Troubleshooting Akka.Cluster

Akka.Cluster is designed to support highly available distributed Akka.NET applications and it can operate at large scale. However, prior to deploying Akka.Cluster into a large-scale environment it's useful to know how to troubleshoot various problems that may occur at runtime or exceptions you might see in your Akka.NET logs. This guide explains how to troubleshoot some routine problems that may occur with Akka.Cluster.

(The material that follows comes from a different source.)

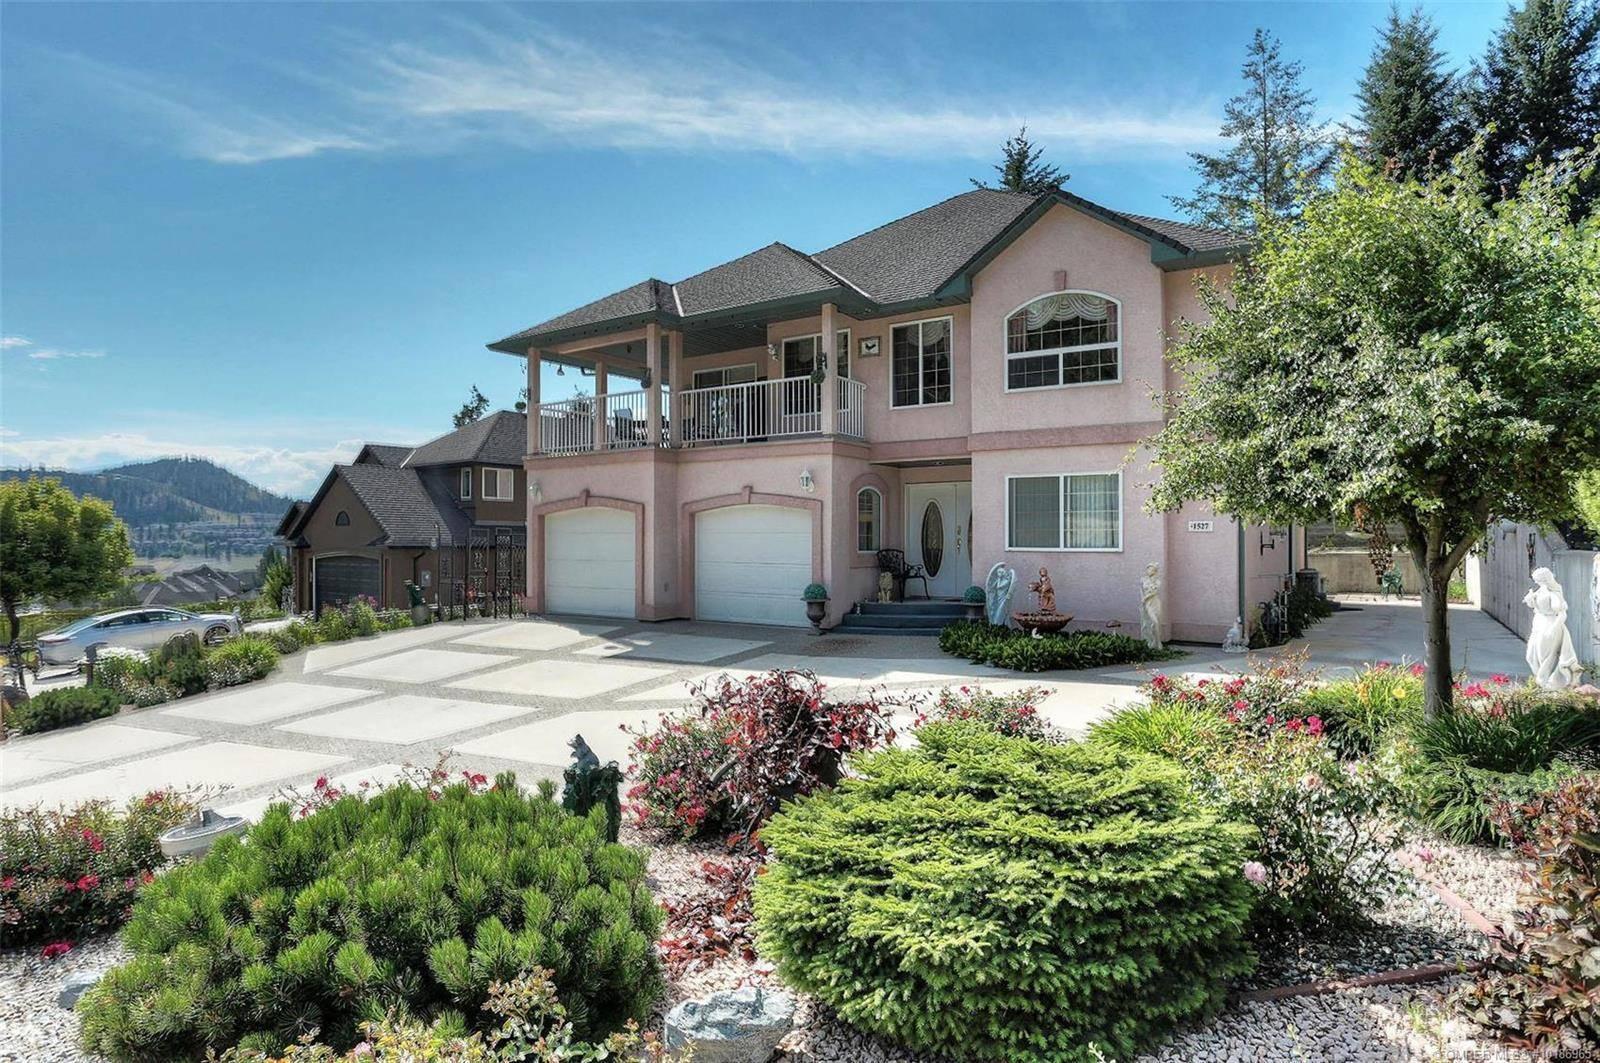 House for sale at 1527 Cara Glen Wy Kelowna British Columbia - MLS: 10186965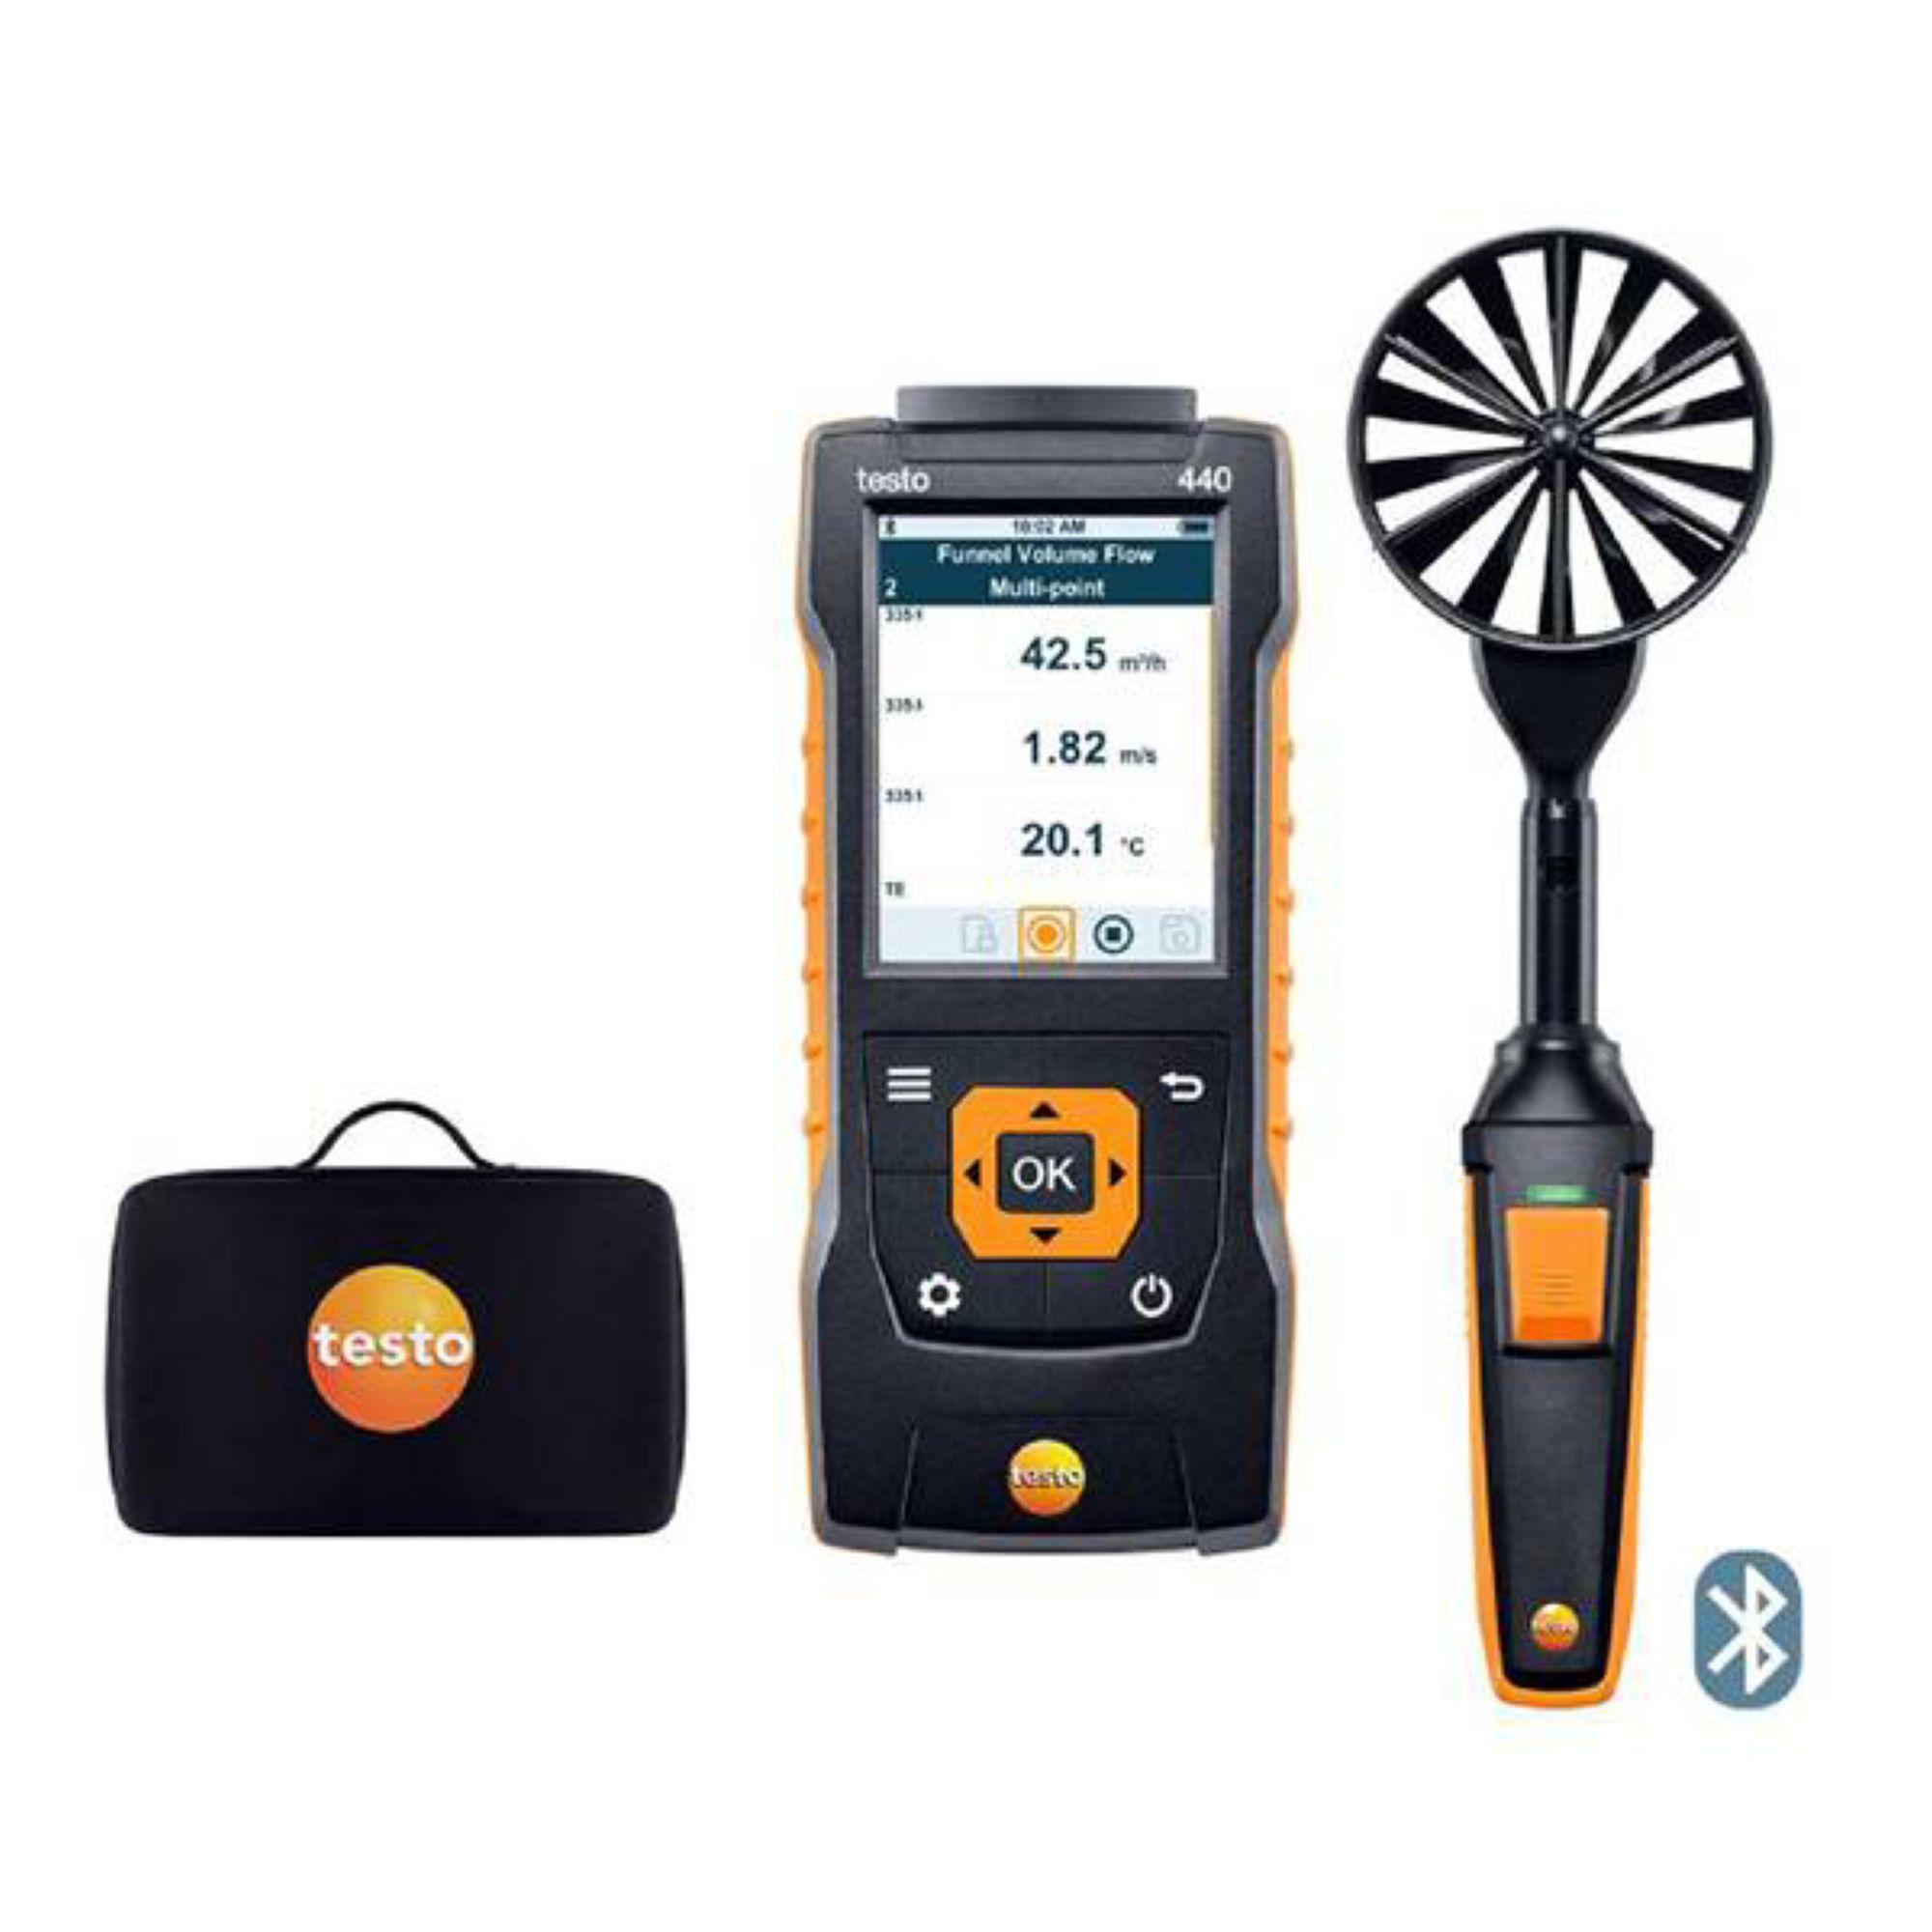 testo 440 100mm Vane Kit with Bluetooth

Network Splits, Split Brains, and Initial Cluster Formation Issues

Even during hostile network conditions Akka.Cluster should not break apart into multiple clusters - and when configured correctly Akka.Cluster shouldn't be able to form multiple clusters during launch either. If your cluster is breaking apart into multiple discrete clusters or partitions that are unreachable, this guide will help you troubleshoot potential root causes and fixes for this issue.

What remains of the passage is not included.